The second group is the opportunists; this is the Pervez Elahi wing of the party. This comprises both people that are politically orphaned and have nowhere to go (like Fawad Chaudhry) and people who need to be aligned with Imran Khan to win an election (like the hordes of Punjab, Khyber Pakhtunkhwa and Karachi politicians that need the PTI electoral symbol in order to win an election). This is an Achilles Heel cohort for Imran Khan because without them, he may struggle in a free and fair election. With them, his rhetoric of clean governance is the same joke that it was when he flew into Islamabad in 2018 on the Jahangir Tareen and Aleem Khan ATM cards.

So far, so good. Khan has always had these two groups of supporters – and the level of excitement among them, of course, waxes and wanes. But there is now a large and powerful third group within his camp that is constantly ignored by the wide array of non-Imran Khan leadership in the country.

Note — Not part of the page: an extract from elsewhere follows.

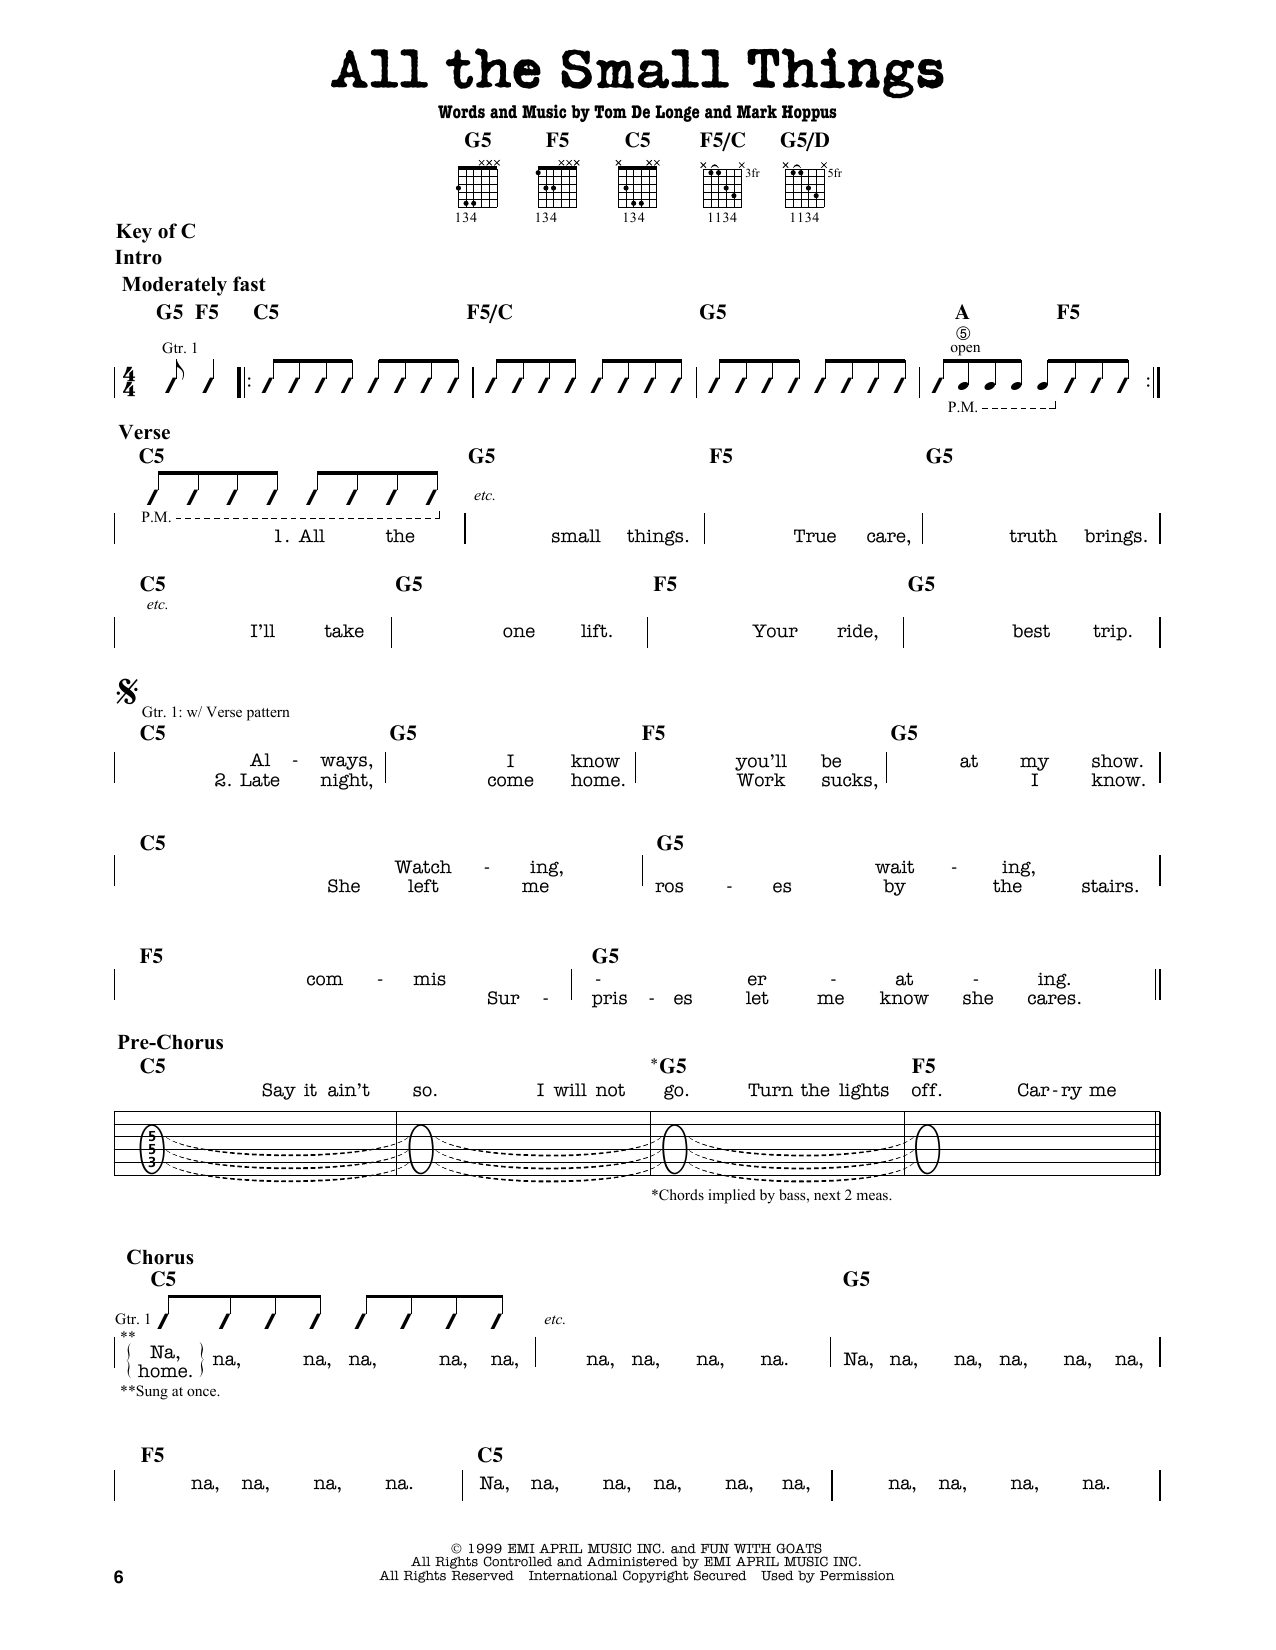 Download Blink 182 All The Small Things Sheet Music

What the military leadership and the Sharif-Bhutto-Zardari combine need to really address and what they fail to grasp is the impact of this third group. For lack of a better terminology, the third group is the status quo fatigue group. The reason nothing from the substantial slew of allegations against Khan sticks is not that the Farah Gogi revelations, or the Toshakhana declarations aren’t credible. It is because the allegations themselves are tired and trite. They don’t affect Khan because Pakistani voters are actually a lot smarter than what television news or social media would have people believe. The most potent segment of support for Imran Khan is not among die hard Insafis or political opportunists. Nor is the support predicated on people being too stupid to understand or know that Khan is vastly imperfect, a rhetorical genius, but also a purveyor of fictions, and compromised on nearly every front that he claims to represent. Yet his support continues to grow. This is a measure not of Imran Khan’s appeal – but of the repellant nature of everything that stands against Khan and his rhetoric.

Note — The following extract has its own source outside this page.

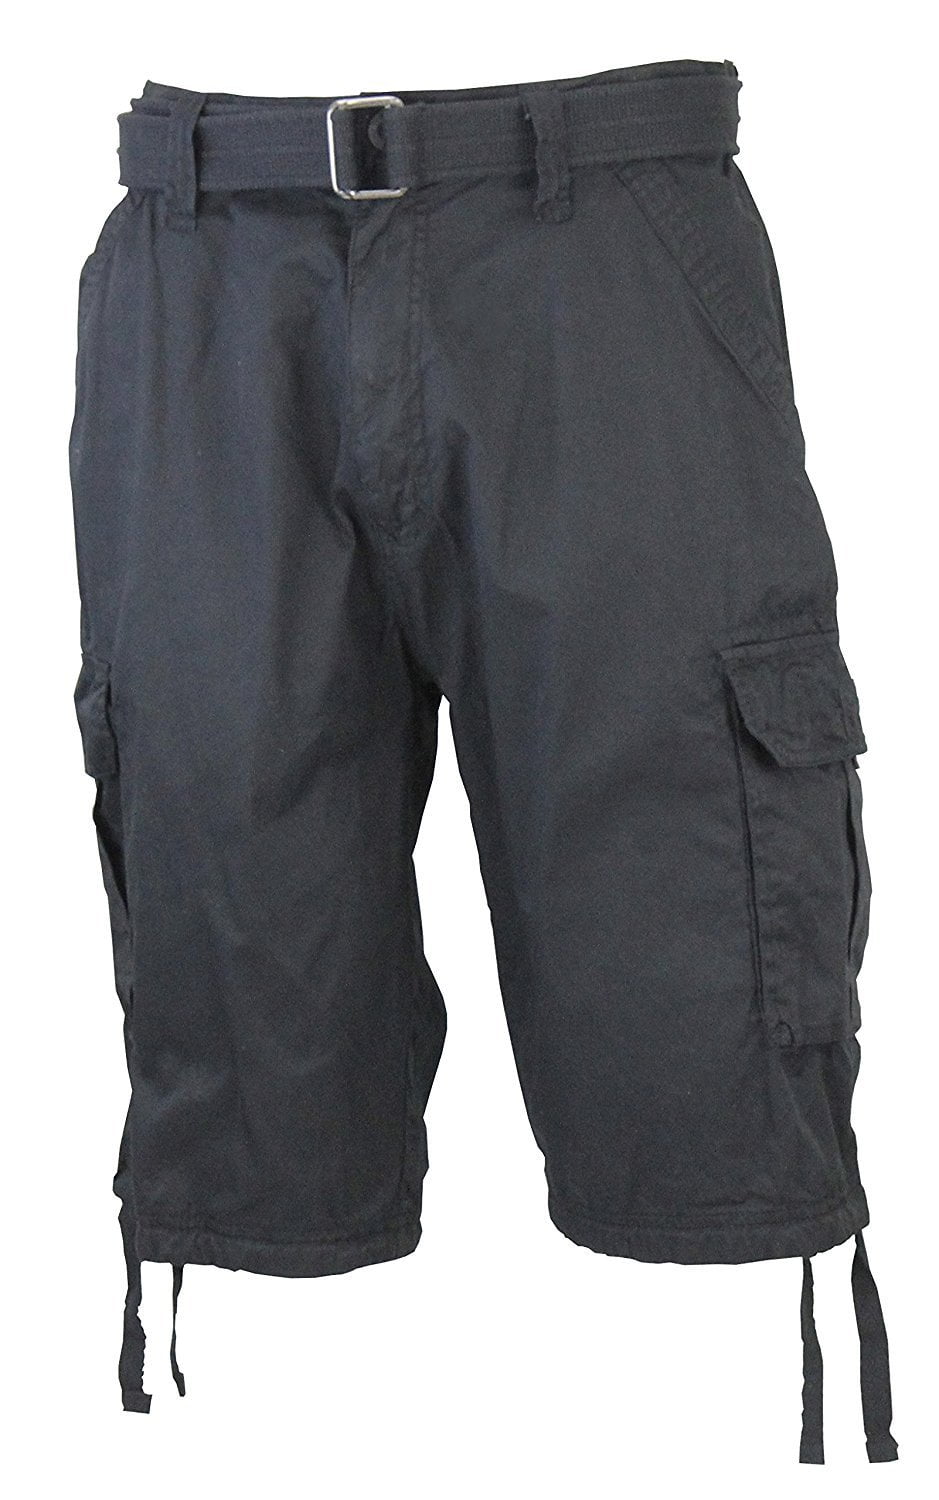 Men's Ablanche Navy Belted Cargo Shorts

Khan can get away with the idiocy of calling Pakistan a slave nation – even though its autonomy and sovereign status are incredibly well established. He can get away with claiming that he will secure true freedom – even though this freedom was assured in 1947, and if ever again, then in 1998. He can even get away with re-orienting Pakistani Muslim identity with religious rhetoric that is often inaccurate and sometimes even offensive.

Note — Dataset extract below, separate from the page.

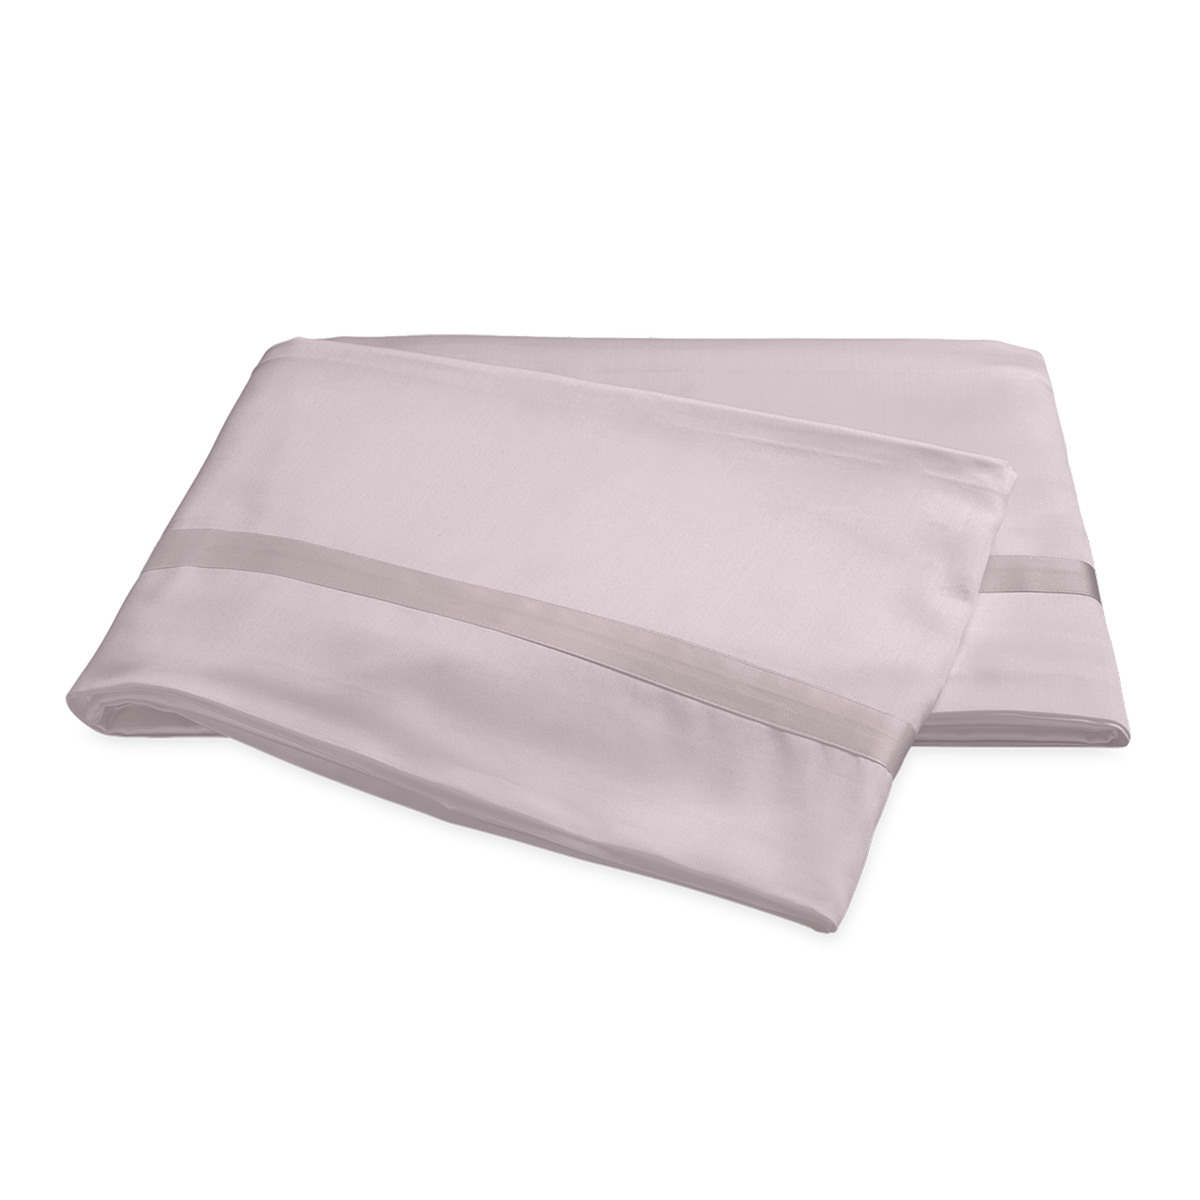 Flat Sheet of Matouk Nocturne Bedding Collection in Color Deep Lilac

He can get away with all this because the thing he truly has come to represent is resistance to the thing that the ordinary Pakistani now resents with a fervor that is unprecedented. The indignity of being an ordinary Pakistani – the lack of economic opportunity, the absence of a coherent macro narrative, the certainty of injustice, the broken and dysfunctional infrastructure, the poor public services, the expensive private solutions, the cities in disrepair and the absence of any exciting alternatives. It all adds up.

The median age in Pakistan is 23. Imran Khan’s falsetto has no integrity, no rigour – but what it lacks in soul and spirit, it makes up in aesthetics. It makes people feel hopeful. It is empowering. It energizes.

What is the alternative to Imran Khan? Rows and rows and rows of shell-shocked symbols of the status quo. Standing helplessly as Khan layers into them. Only able to affirm Khan’s framing of them: “Welcome to Purana Pakistan”. “Yes, we are the status quo”. “No, we can’t change”.

The writer is an analyst and commentator.